Task instructions: Print all the data below exactly, without images.

Dataset section:
= Beginning of Section =

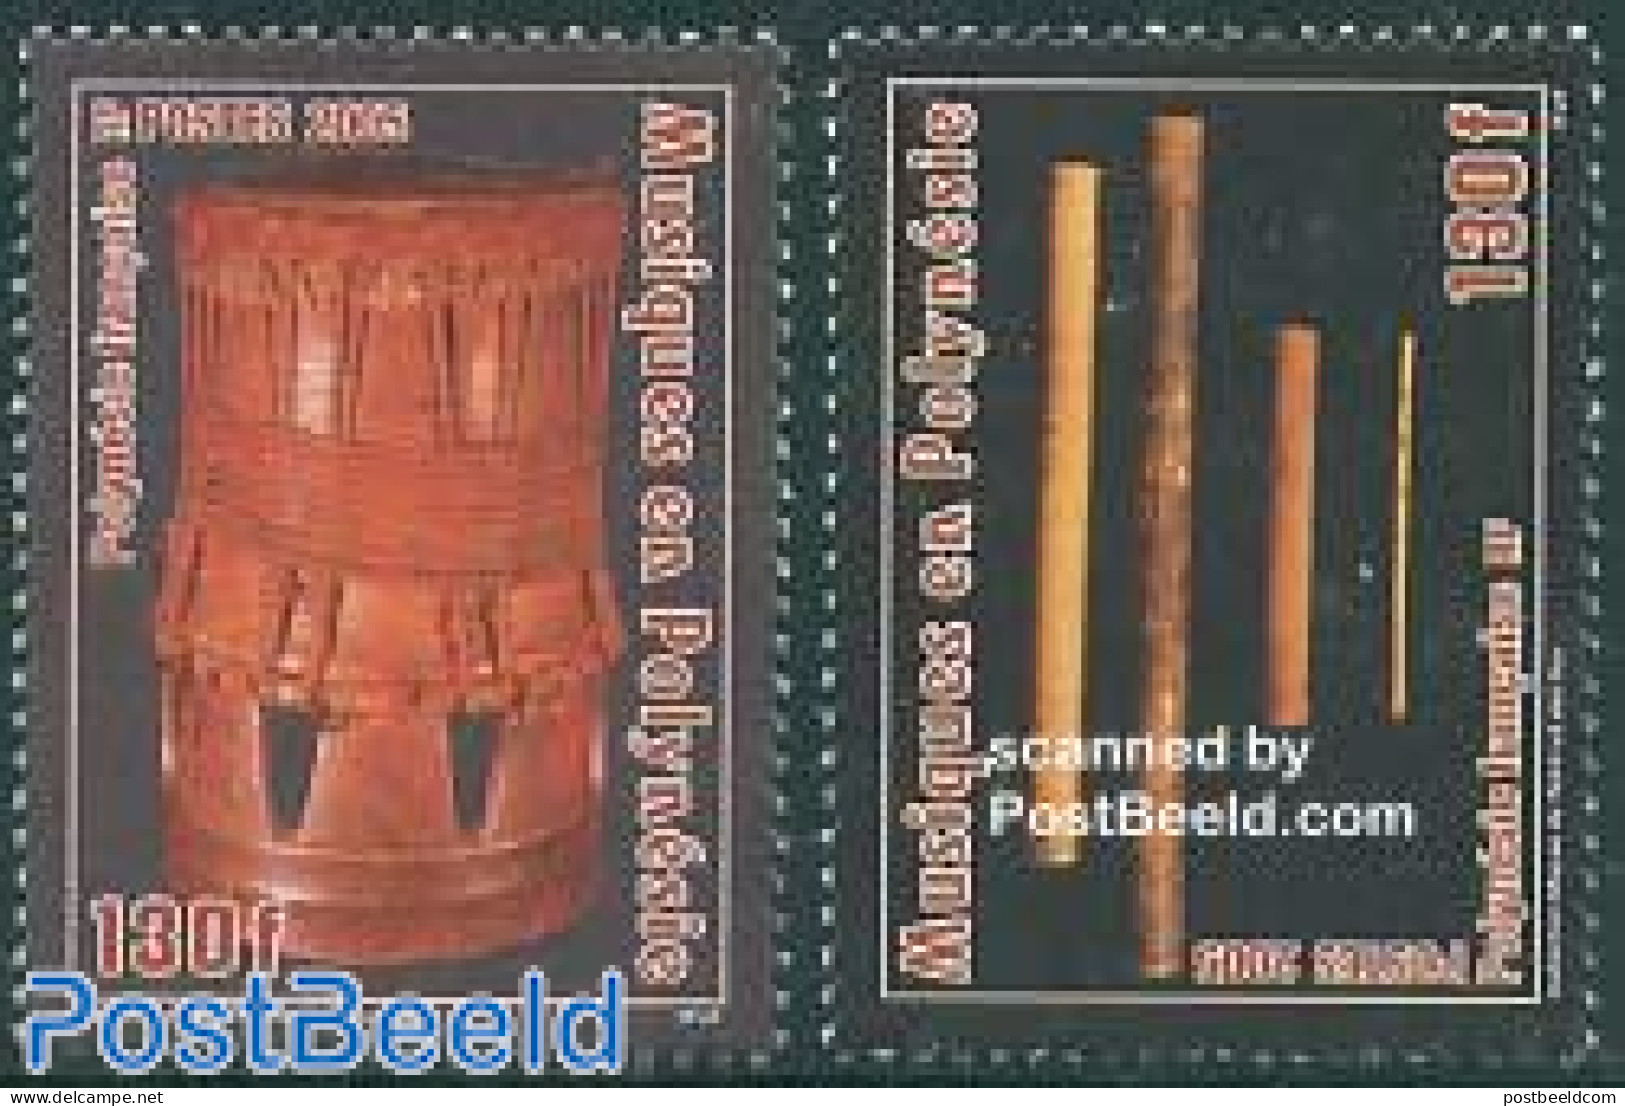 French Polynesia 2005 Music 2v, Mint NH, Performance Art - Music - Musical Instruments - Unused Stamps
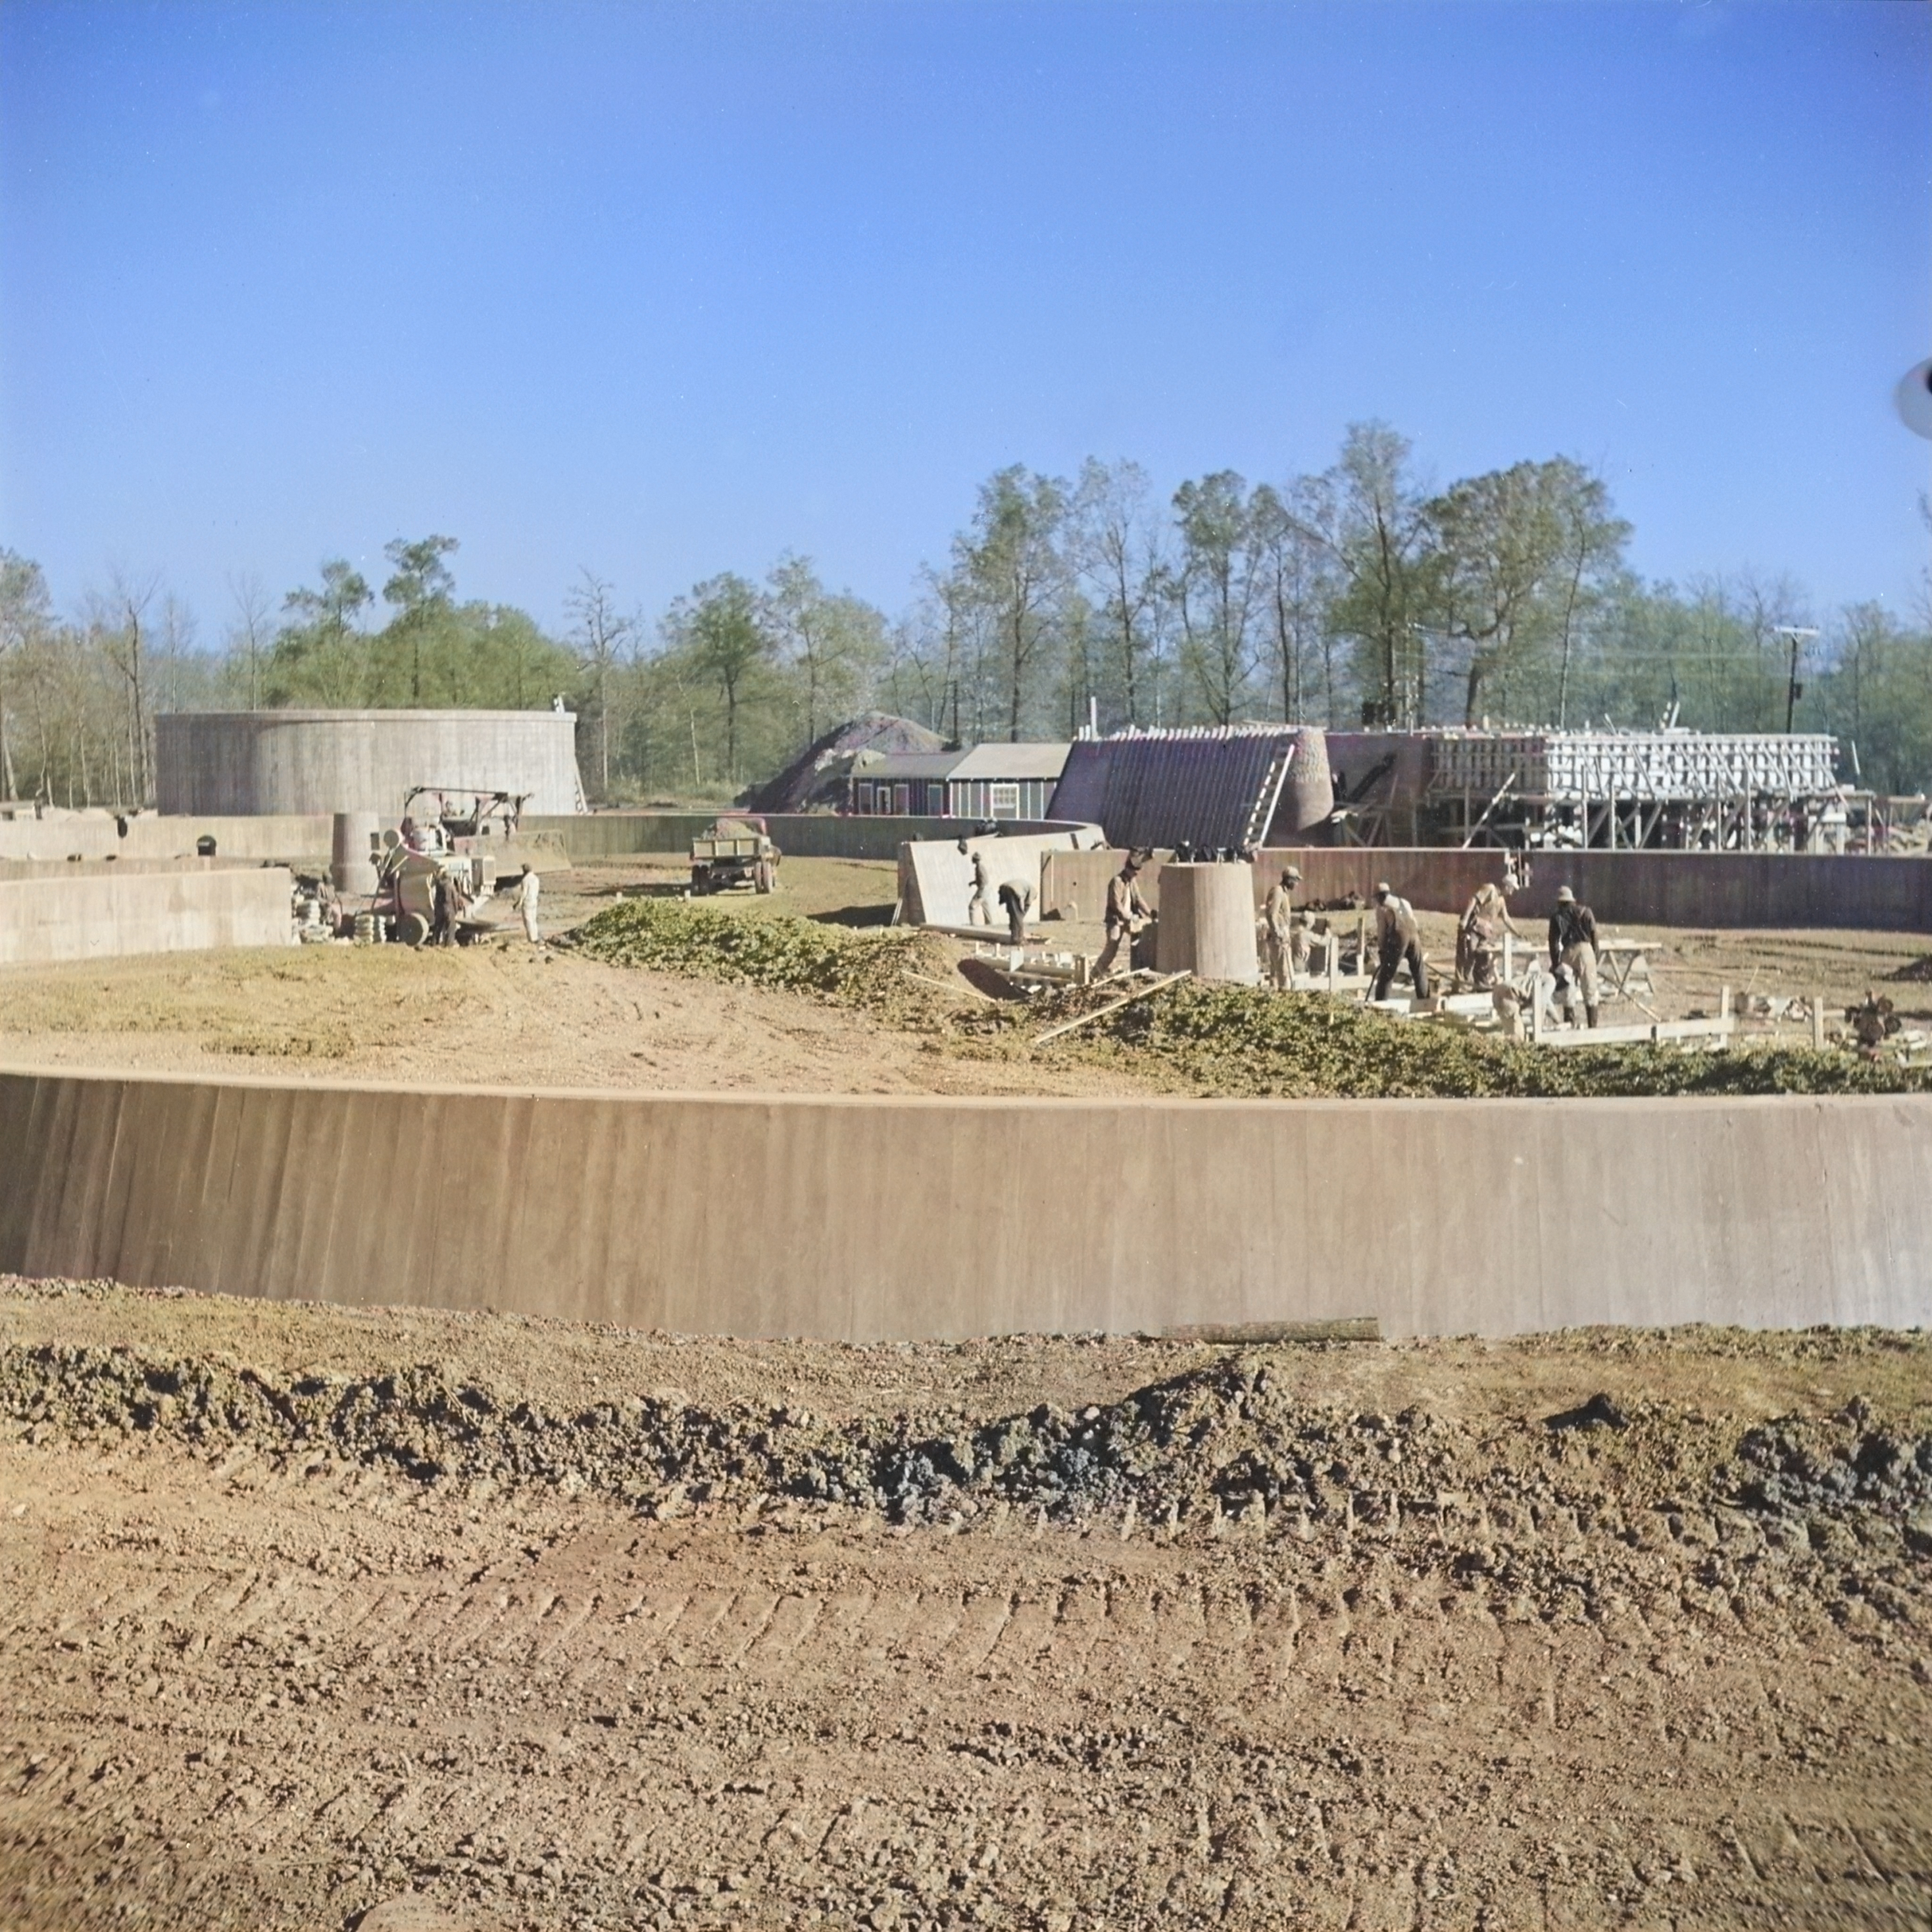 Construction of the sewage disposal plant at Jerome War Relocation Center, Arkansas, United States, 14 Nov 1942, photo 2 of 5 [Colorized by WW2DB]
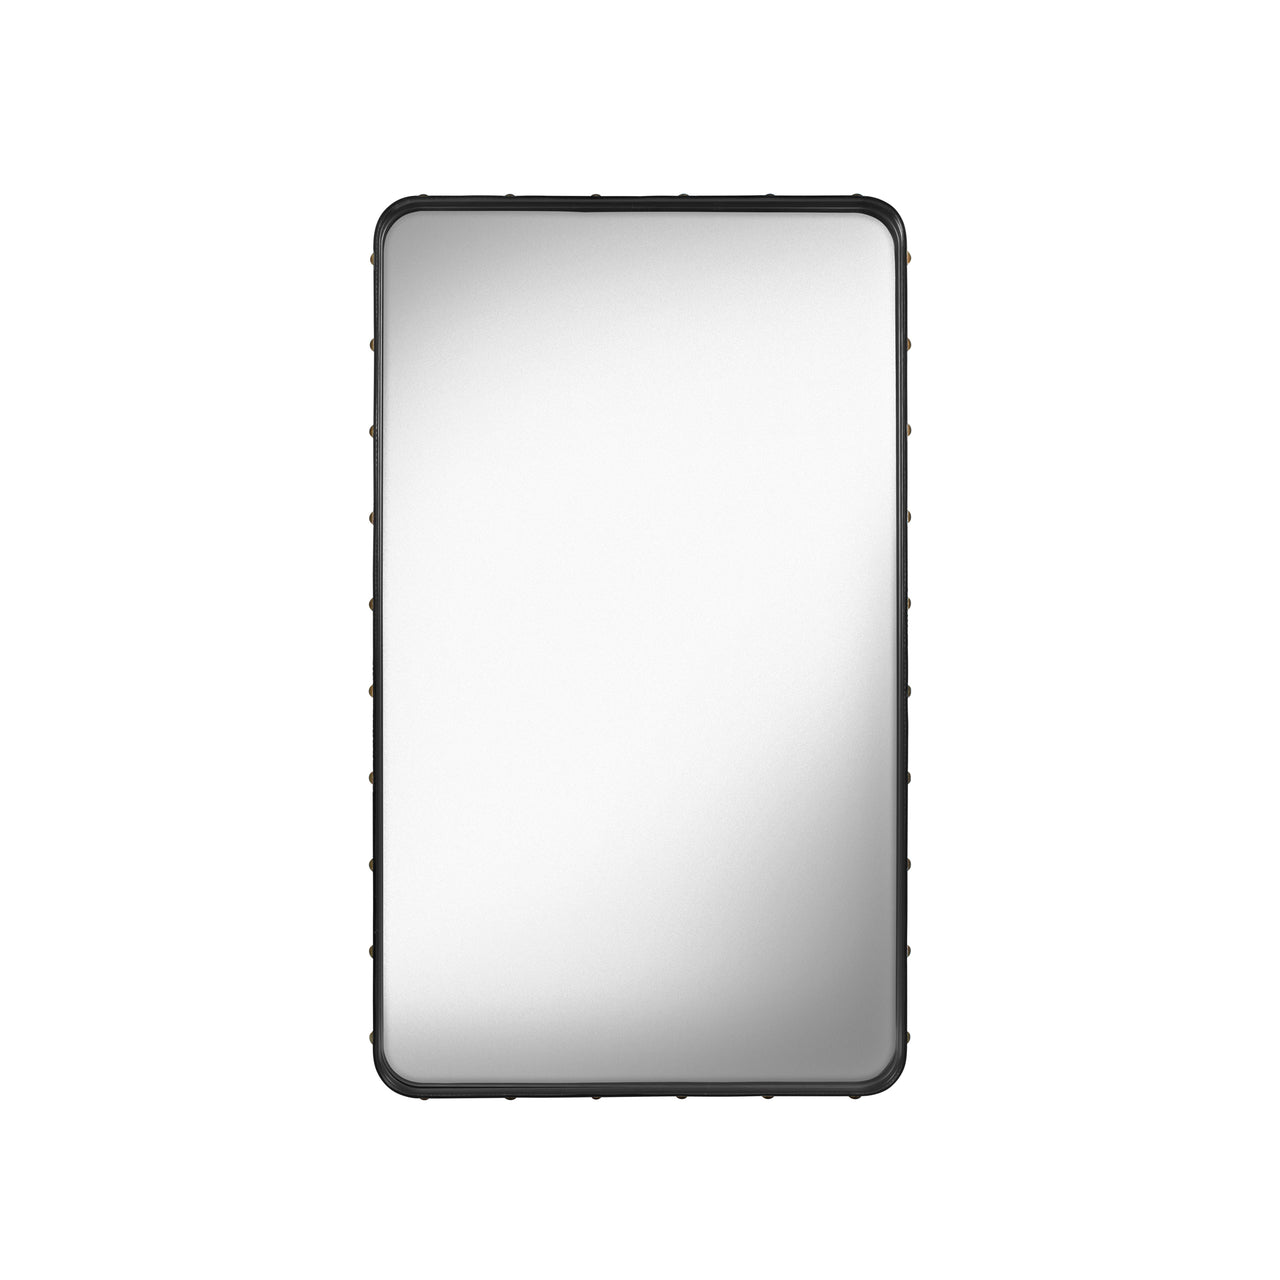 Adnet Rectangulaire Wall Mirror: Small- 45.3

= End of Section =

Answer to this task:
 French Polynesia 2005 Music 2v, Mint NH, Performance Art - Music - Musical Instruments - Unused Stamps
 Construction of the sewage disposal plant at Jerome War Relocation Center, Arkansas, United States, 14 Nov 1942, photo 2 of 5 [Colorized by WW2DB]
 Adnet Rectangulaire Wall Mirror: Small- 45.3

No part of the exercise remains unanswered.